Now i want it like this: 28 Februari 2014 - 20:00
Can somebody help me?
Upvotes: 1
Views: 3158
Reputation: 241748
If you can limit yourself to the latest browsers that support the ECMAScript Internationalization API, then you can do the following:
var dt = new Date("2014-02-28T20:00:00+01:00");
var options = { year:'numeric',
month:'long',
day:'numeric',
hour:'numeric',
minute:'numeric'};
var s = dt.toLocaleString('nl', options);
The result is "28 februari 2014 11:00"
. If you really need the hyphen in there:
var dt = new Date("2014-02-28T20:00:00+01:00");
var dateOptions = { year:'numeric', month:'long', day:'numeric' };
var timeOptions = { hour:'numeric', minute:'numeric'};
var s = dt.toLocaleDateString('nl', dateOptions) + ' - ' +
dt.toLocaleTimeString('nl', timeOptions);
Also, watch the offset of the input string.
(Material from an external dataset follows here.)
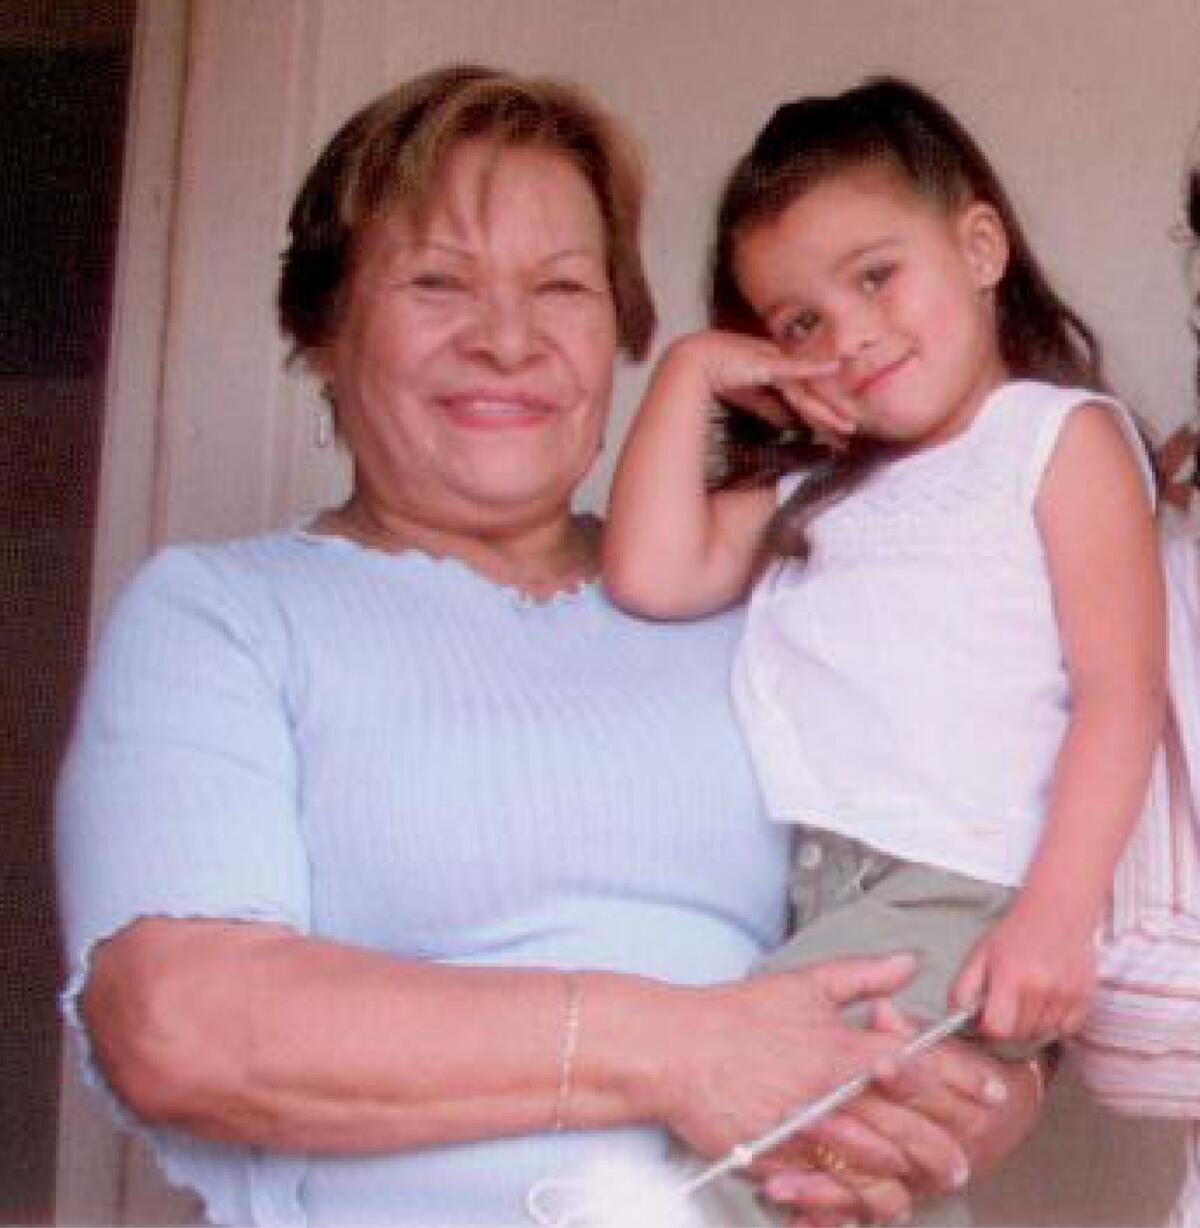 Isidra Huizar, pictured with one of her granddaughters, on a mailer for Jose Huizar's 2005 campaign.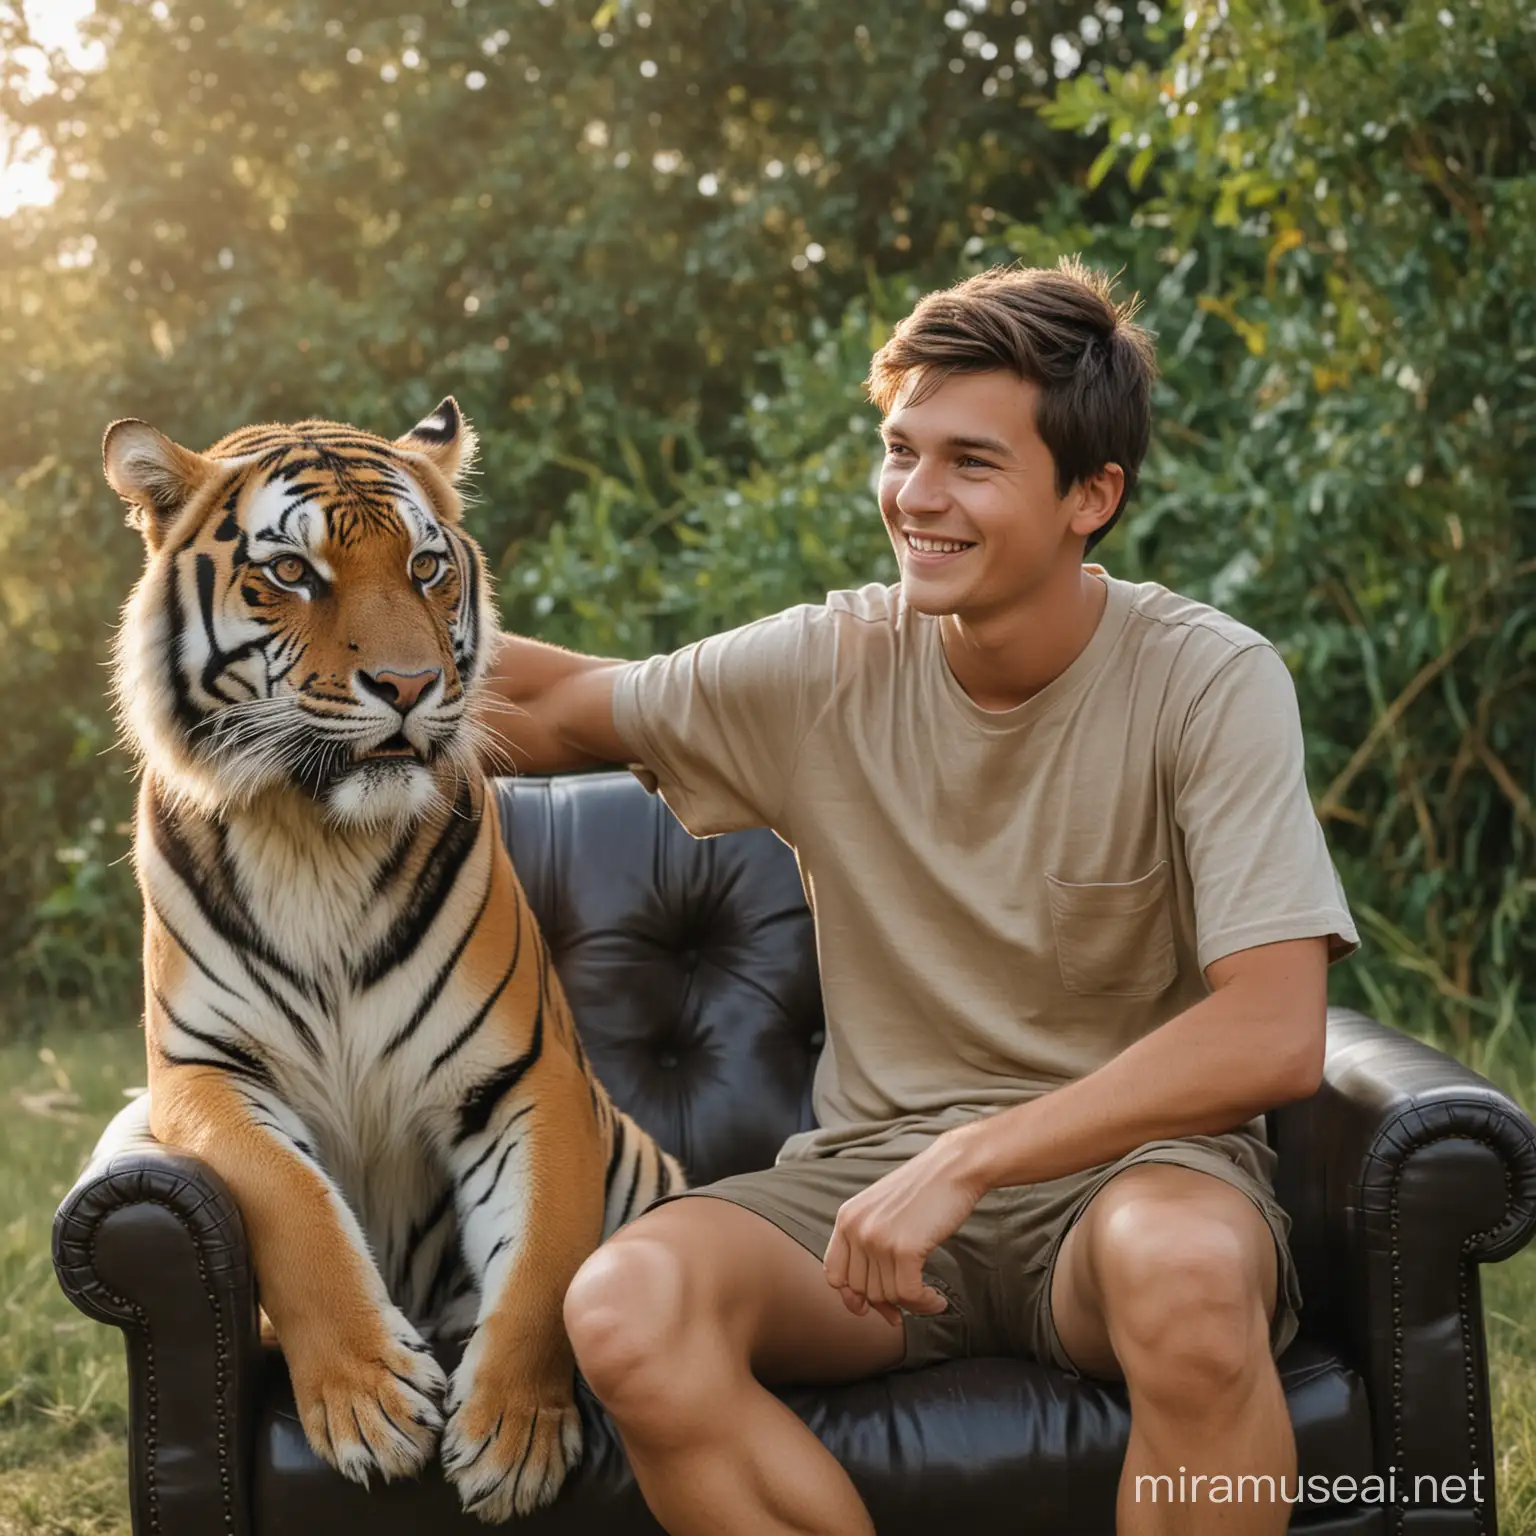 Smiling Young Man with Tiger Heartwarming 85mm Photography

Some browsers (like Internet Explorer) won't take accept the ISO8601 format with +0100
as the offset, but require +01:00
fully extended.
And as anurag_29 pointed out, if you need to do this cross-browser, and in older browsers, your best bet is moment.js.
Upvotes: 2
Reputation: 555
RegExp can solve this.
You'll only need an array to do the comparison with the months and change it to the according month in Dutch.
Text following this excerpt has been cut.